7. Open Design Questions

A running register of decisions to validate during the prototype phase. Each entry records the current direction and what evidence would change it.

7.1. Tag normalization

Direction: Vocabulary-aware enrichment (Option A). On capture, fetch the top-N most-frequent existing tags from D1 and pass them to the Llama prompt as preferred reuse candidates. New tags are still allowed, but the LLM is biased toward the existing vocabulary so the corpus converges on its own ontology rather than fragmenting (k8s vs kubernetes, vector-database vs vector-db).

To validate during prototype:

  • Does drift actually decrease in practice, or does the LLM ignore the hint and invent synonyms anyway?
  • Does the extra D1 read add meaningful capture latency? (Expected: cheap with an index on tags.)
  • What's the right N? Too few → no anchor; too many → context bloat.
  • Cold-start behavior: how messy is the first ~50 captures before vocabulary stabilizes?

Would reconsider if: drift persists despite the hint (fall back to Option B, post-hoc canonical map), or if capture latency regresses noticeably.

7.2. Backfill strategy for pre-enrichment rows

Direction: Two-pass eager backfill. Pass 1 enriches all pre-0002 rows with no vocabulary anchor (results discarded except as vocabulary seed). Pass 2 re-enriches with the vocabulary-aware prompt from §7.1; only pass 2's output is persisted. Self-bootstrapping.

To validate: quota cost on the current corpus, and whether two passes is actually better than one pass once the corpus is small enough that drift is bounded anyway.

7.3. Access break-glass recovery

Direction: Undecided. With AUTH_SECRET removed, a botched service-token rotation has no admin shim. Need a documented recovery path before this becomes load-bearing.

Candidates: dashboard-side service-token recreate (probably enough for a personal brain); a separate emergency token bound to a stricter Access policy; or a wrangler-only admin route gated on direct-invoke (no Access).

7.4. Memex vs Obsidian — scope of the AI corpus

Direction: Captures-only. Memex is the capture-side surface (raw, in-the-moment thoughts from voice, CLI, agents); Obsidian is the canonical long-term vault (synthesized, edited, organized). The two are complementary, not parallel. The AI reads and writes only memex captures — it does not see vault content.

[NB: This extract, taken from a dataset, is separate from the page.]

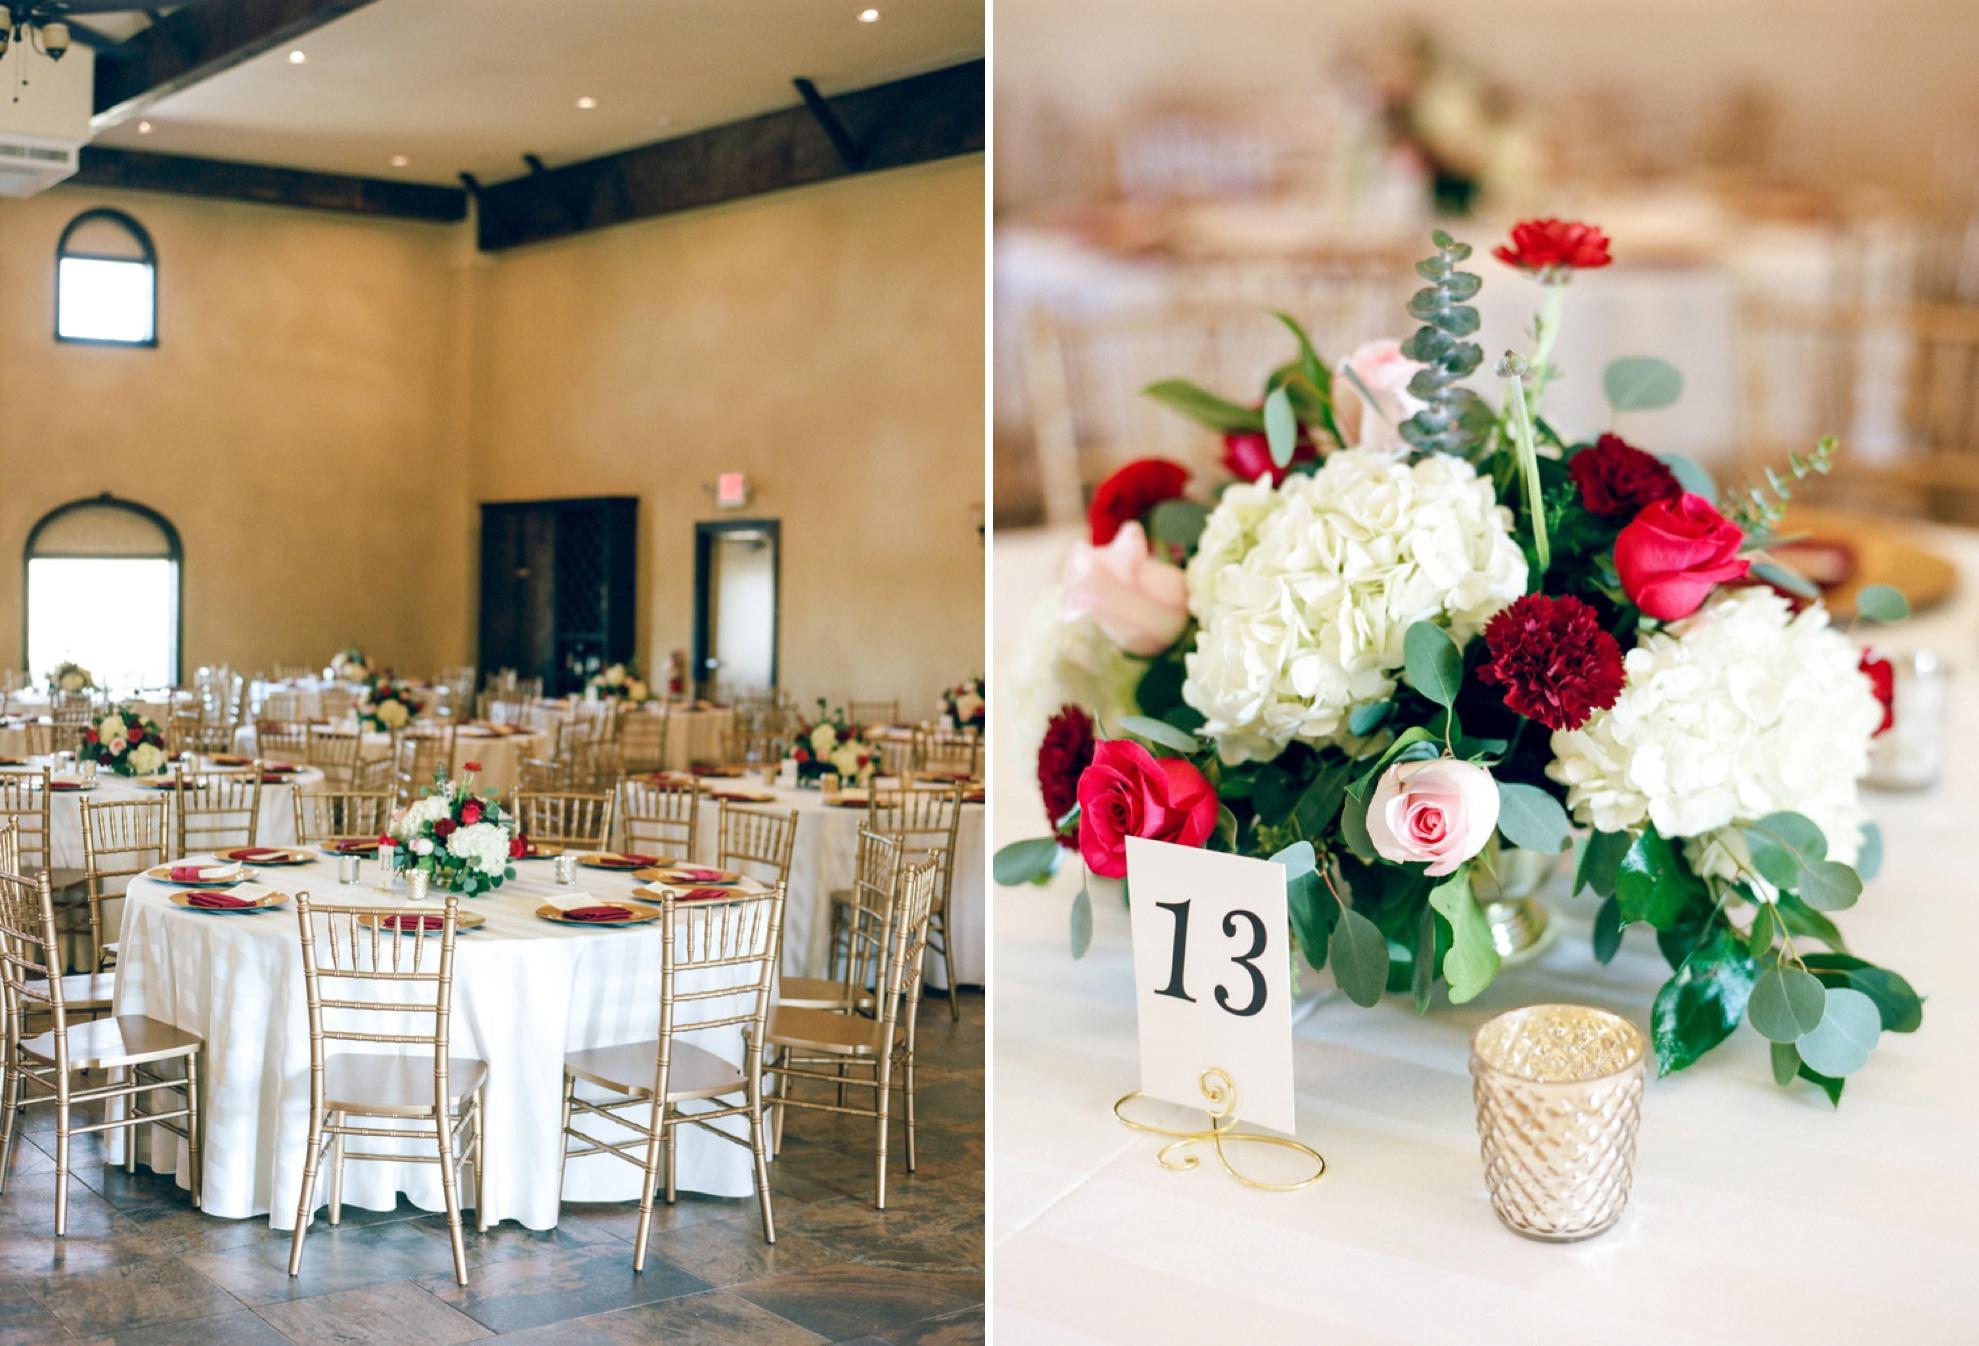 Tuscan-Courtyard-Wedding-Venue-Texas-City-Ceremony-Reception-Photographer-Dana-Fernandez-Photography-3.jpg

Why: capture is for raw; vault is for synthesized. Letting the AI reason over draft/synthesized vault notes mixed with raw captures pollutes both: search results become noisy, and enrichment vocabulary drifts toward whatever ad-hoc tagging exists in the vault rather than converging on the capture corpus's own ontology. Keeping the corpus to captures-only also keeps the trust boundary simple — one source of truth for the AI, with a clear human-in-the-loop step (manual promotion to vault) for anything load-bearing.

To validate during prototype:

  • Does "captures-only" feel too narrow once the corpus grows? (i.e. do useful answers actually live in the vault that the AI can't reach?)
  • Is there a lightweight promotion workflow that doesn't blur the boundary? Manual copy works today; build something only if rate-of-promotion justifies it.

Would reconsider if: repeated searches return shallow capture-only results when the answer demonstrably lives in a vault note, and a read-only vault-import path can be added without polluting the enrichment vocabulary (e.g. separate source: "vault" namespace + tag-isolated retrieval).